New Technologies And The World Economy

A. By 1890 Germany and the United States had surpassed Great Britain as the world’s leading industrial powers.

B. The motive force behind this second phase of industrialization consisted of deliberate combinations of business entrepreneurship, engineering, and science, especially physics and chemistry.

C. Electricity and the steel and chemical industries were the first results of this new force.

D. The next fifty years saw a tremendous expansion of the world’s rail networks.

E. The largest rail network by far was in the United States, it was longer than the seven longest networks combined.

F. The opening of the Panama Canal in 1915, a railroad across the isthmus carried freight between the Atlantic and Pacific Oceans.

G. Japan built a model steam train, and trained British engineers to build them. Within a few years, Japan began manufacturing its own equipment.

H. Steam-powered ships were dated back to the 1830’s but were initially too costly for anything but first-class passenger traffic.
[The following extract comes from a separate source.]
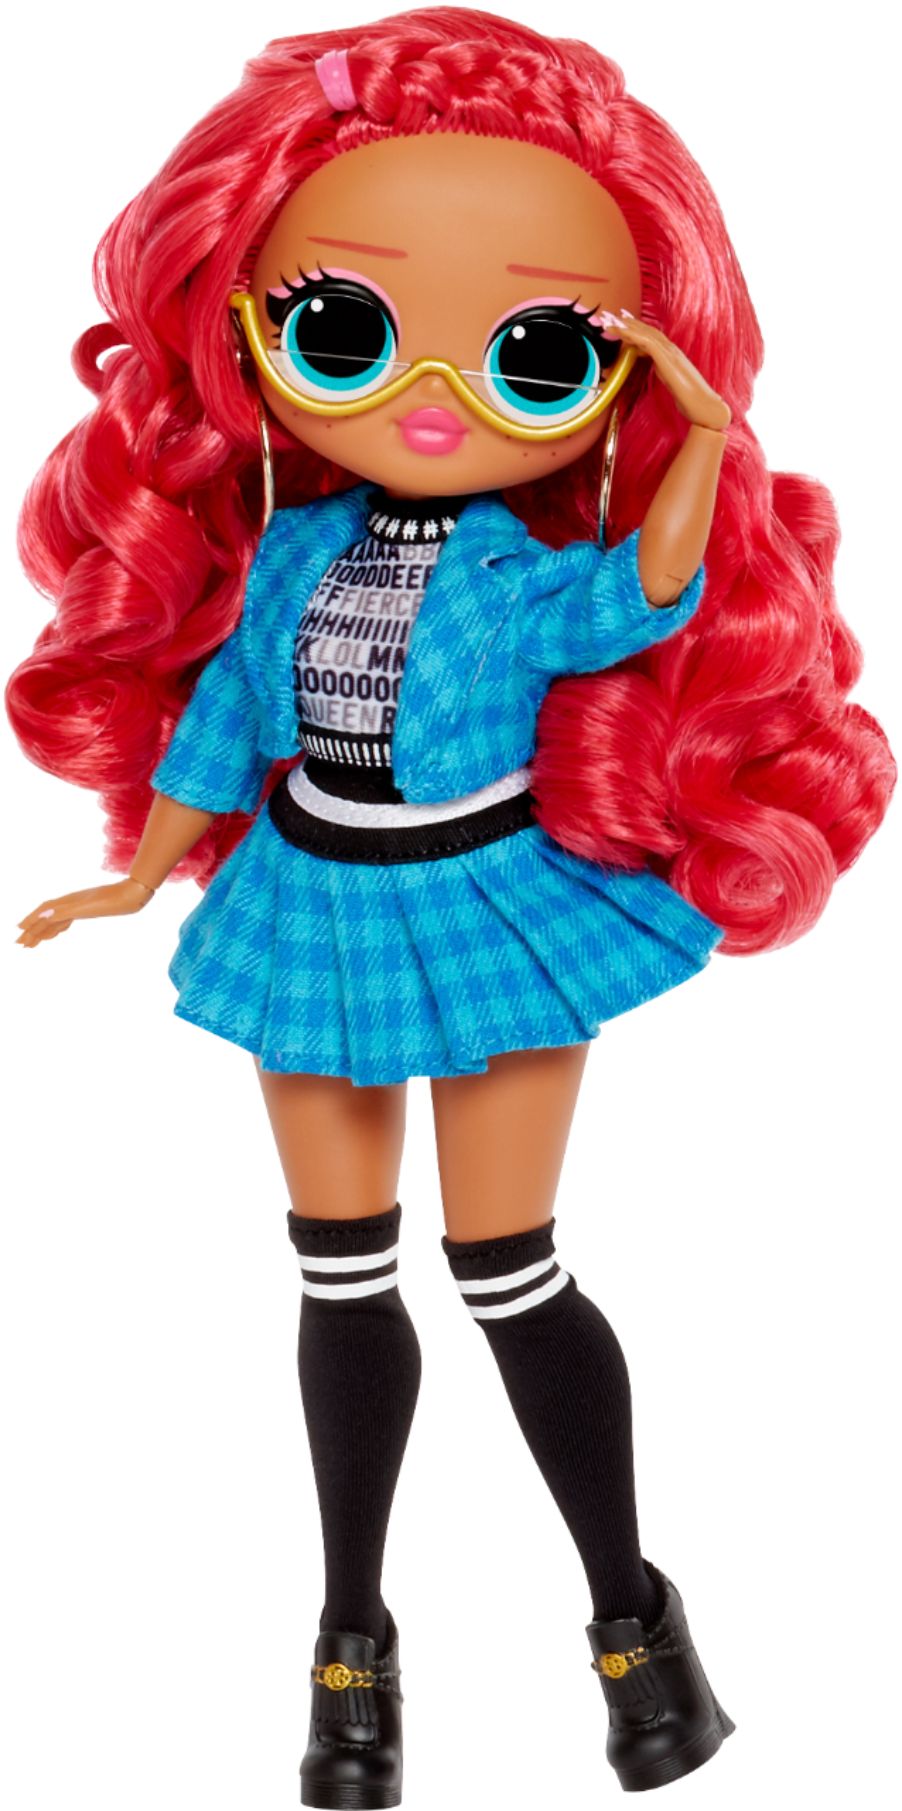 OMG Series 3 Class Prez Doll 20 Surprises – L.O.L. Surprise

Steel replaced the wood that had been used for hulls. Propellers replaced paddle wheels. Engineers built more powerful and fuel-efficient engines.

I. To control their ships around the globe, shipping companies used a new medium of communications: submarine telegraph cables laid on the ocean floor. Cables became the indispensable tools of modern shipping and business, the public and the press extolled the “annihilation of time and space.”

Two innovations That Increased Production

A. A series of inventions made steel the cheapest and most versatile metal ever known.

AI. Steel became cheap and abundant enough to make rails, bridges, ships, and even “tin” cans meant to be used once and thrown away.

AII. Sulfuric Acid and Chlorine Bleach were manufactured on a large scale.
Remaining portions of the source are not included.